Highlights of Economic Survey 2017-18

Union finance Minister Arun Jaitley tabled the Economic Survey 2017-18 in Parliament during 2018 budget session. The survey was authored by chief economic adviser in the finance ministry Arvind Subramanian. The survey projects economy to grow in the range of 7% to 7.50% in the next fiscal year 2018-19 in the post-demonetisation year. Suvey 2017-18 was in pink colour to highlight gender issues.

Key Highlights of Survey

Growth Forecast: The real GDP growth projections for 2017-18 is expected to be around 6.75%, which is further expected to reach to 7-7.5% in 2018-19 driven by major reforms initiated by the government. There was reversal of declining trend of GDP growth in second quarter of 2017-18. The growth during this period was led by industry sector. Agriculture, industry and services sectors are expected to grow at the rate of 2.1%, 4.4%, and 8.3% respectively in 2017-18.

Fiscal discipline: The fiscal deficit as percentage to GDP to remain stable at 3.2%, indicating that government’s priority still lies in fiscal consolidation.

Inflation: Lower CPI inflation average to 3.33% will be seen but higher WPI Inflation average to 2.9% in 2017-18.

Exports: Growth of exports rebounded into positive one during 2016-17 and expected to grow faster in 2017-18 to 12.1% after remaining in negative territory for a couple of years.

Forex reserves: India can be rated as among the best performing economies in the world with its foreign exchange reserves shooting to $409.4 billion.

Goods and Services Tax (GST): It has given new perceptive of Indian economy and new data on indirect taxation has emerged. There has been a 50% increase in number of indirect taxpayers.

India’s formal sector: The formal non-farm payroll is substantially greater than currently believed to be. When formality was defined in terms of social security provisions like EPFO/ESIC, then the formal sector payroll was found to be about 31% of the non-agricultural work force. When it was defined in terms of being part of the GST net, then such formal sector payroll share was found to be 53%.

International exports of states: For the first time in India’s history, data on the international exports of states was dwelled in Economic Survey. It indicates strong correlation between export performance and states’ standard of living. States exporting internationally and trading with other states were found to be richer. Thus, such correlation is stronger between prosperity and international trade.

Firms and Exports: India’s exports are unusual as largest firms account for a much smaller share of exports than in other comparable countries. Top 1% of Indian firms account only for 38% of exports unlike in other countries where they account for substantially greater share – (72%, 68%, 67% and 55% in Brazil, Germany, Mexico and US respectively). Such tendencies were also found to be true for top 5-10% of the Indian companies.

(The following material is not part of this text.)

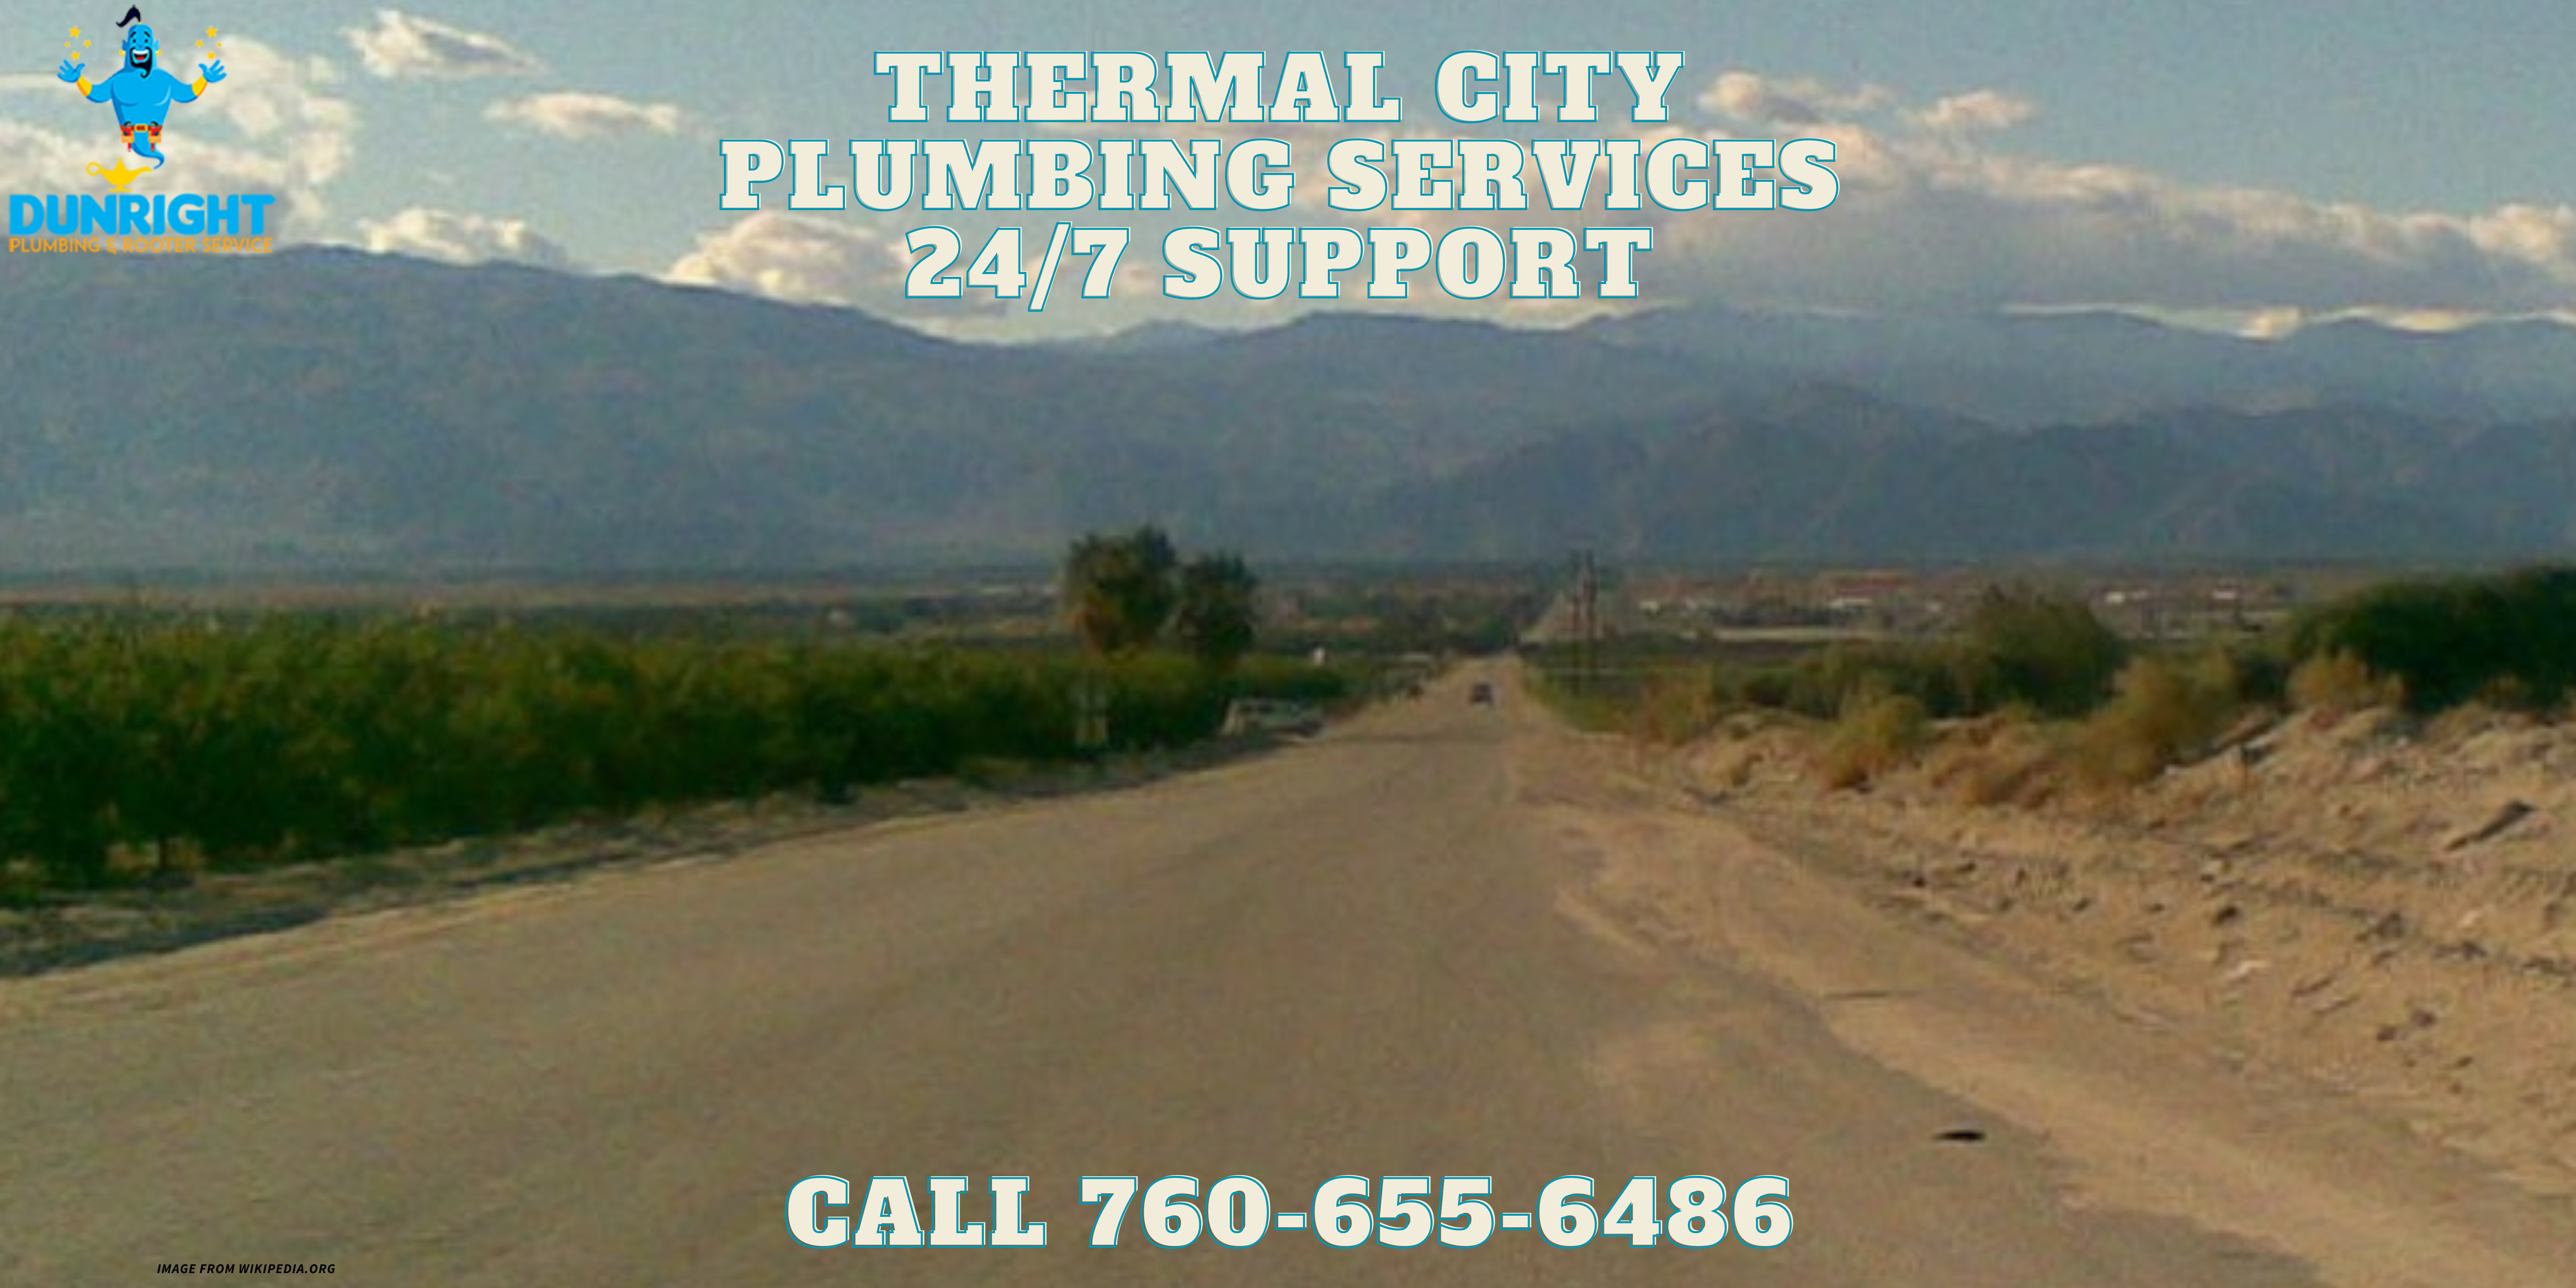 Thermal City Plumbing Services

Desire for male child: Indian society exhibits a strong desire for male child. It pointed out that most parents continued to have children until they get number of sons. Various scenarios leading to skewed sex ratios have been mentioned in survey and it also gave comparison on sex ratio by birth between India and Indonesia.

Tax disputes: Tax departments in India have gone in for contesting against in several tax disputes but with low success rate which is below 30%. About 66% of pending cases accounted for only 1.8% of value at stake. It further stated that 0.2% of cases accounted for 56% of value at stake.

Impact of climate change on agricultural yields: Extreme temperature increases and deficiency in rainfall have due to climate change and its impact on agricultural yields has been captured in survey. The impact was found to be twice as large in un-irrigated areas as in irrigated ones.